Quantcast
Channel: Glaiel Games Devblog
Viewing all articles
Browse latest Browse all 16

Short little post about C++ const-correctness

$
0
0
Ok, so I don't really like the concept of "const-correctness" in c++, but I never really had a solid reason to dislike it besides laziness. Hence I never really bother to mark class functions as const (except in basic numerical types like Vec2D) unless the compiler whines about it.

Well, until yesterday that is. I was writing a rational number class for the hell of it (mostly as a little exercise for myself). Internally, it's represented as a numerator and denominator value. Now here's the thing: Rational(10, 4) and Rational(5, 2) are effectively identical and behave exactly the same way as far as any user could tell, even if they're represented different internally. A function, Rational::reduce(), changes the internal representation of the number without actually changing the value of the number.
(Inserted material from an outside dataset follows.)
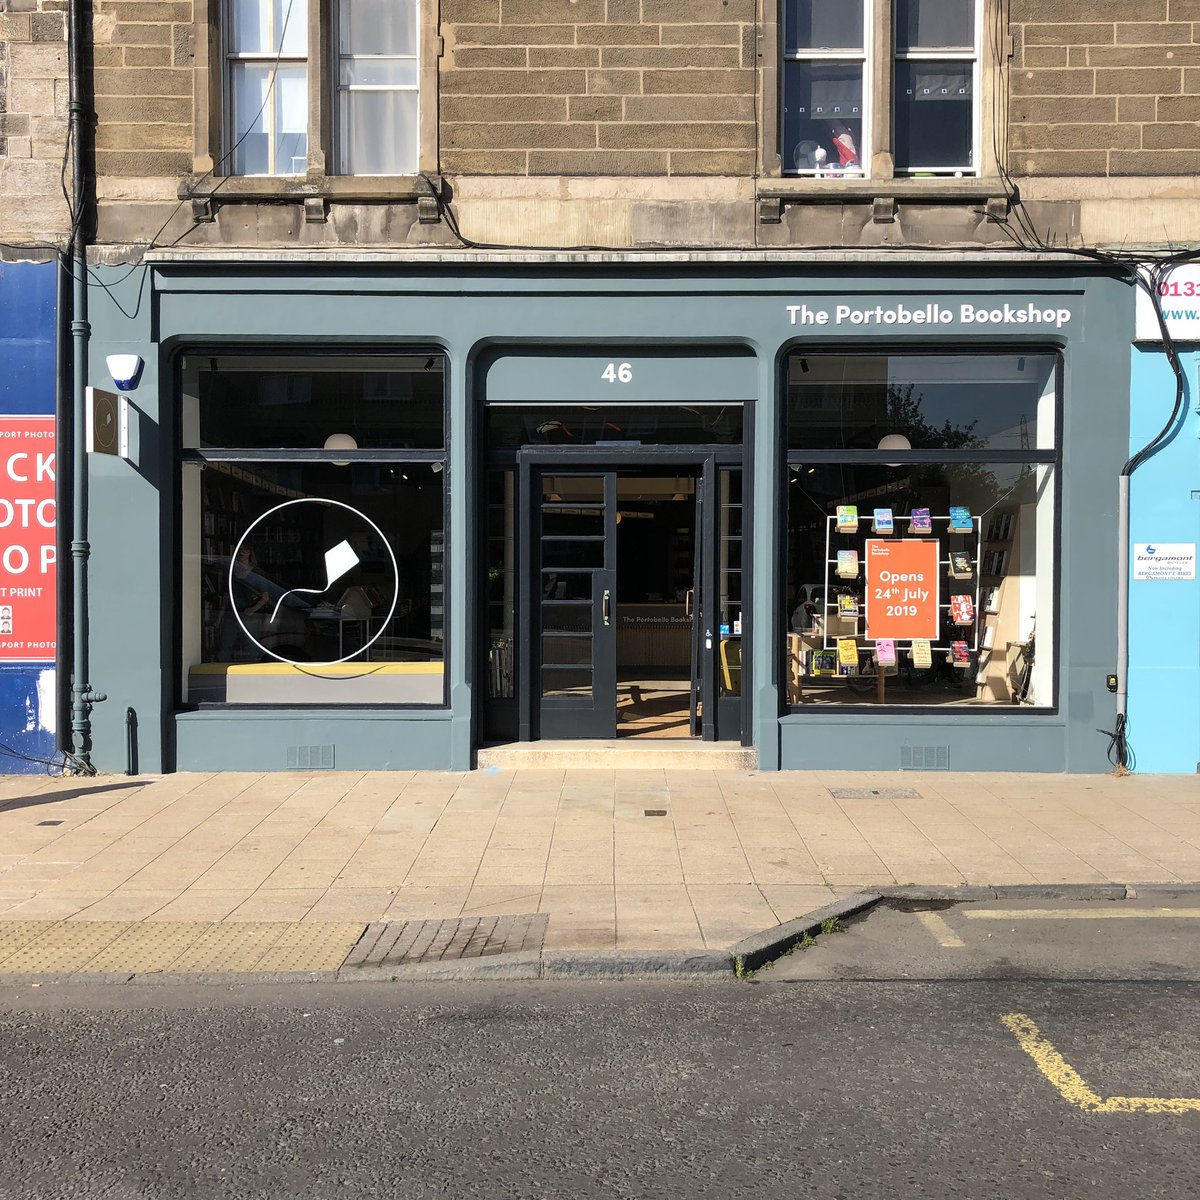 IMAGE_Portobello Bookshop

For all intents and purposes, this function is constant.

A few operators require reducing the rationals first, notably operator== (which most would agree should be a constant function).

Yet, reduce can't be labeled const because it changes numerator and denominator, therefore operator== either has to work with temporaries or also can't be labeled const.

Solutions:
- Marking numerator and denominator as mutable, but that's just stupid and unsafe since at this point you basically completely throw the notion of const correctness out the window and you may as well just not mark anything as const [which ends up happening in most of my personal projects].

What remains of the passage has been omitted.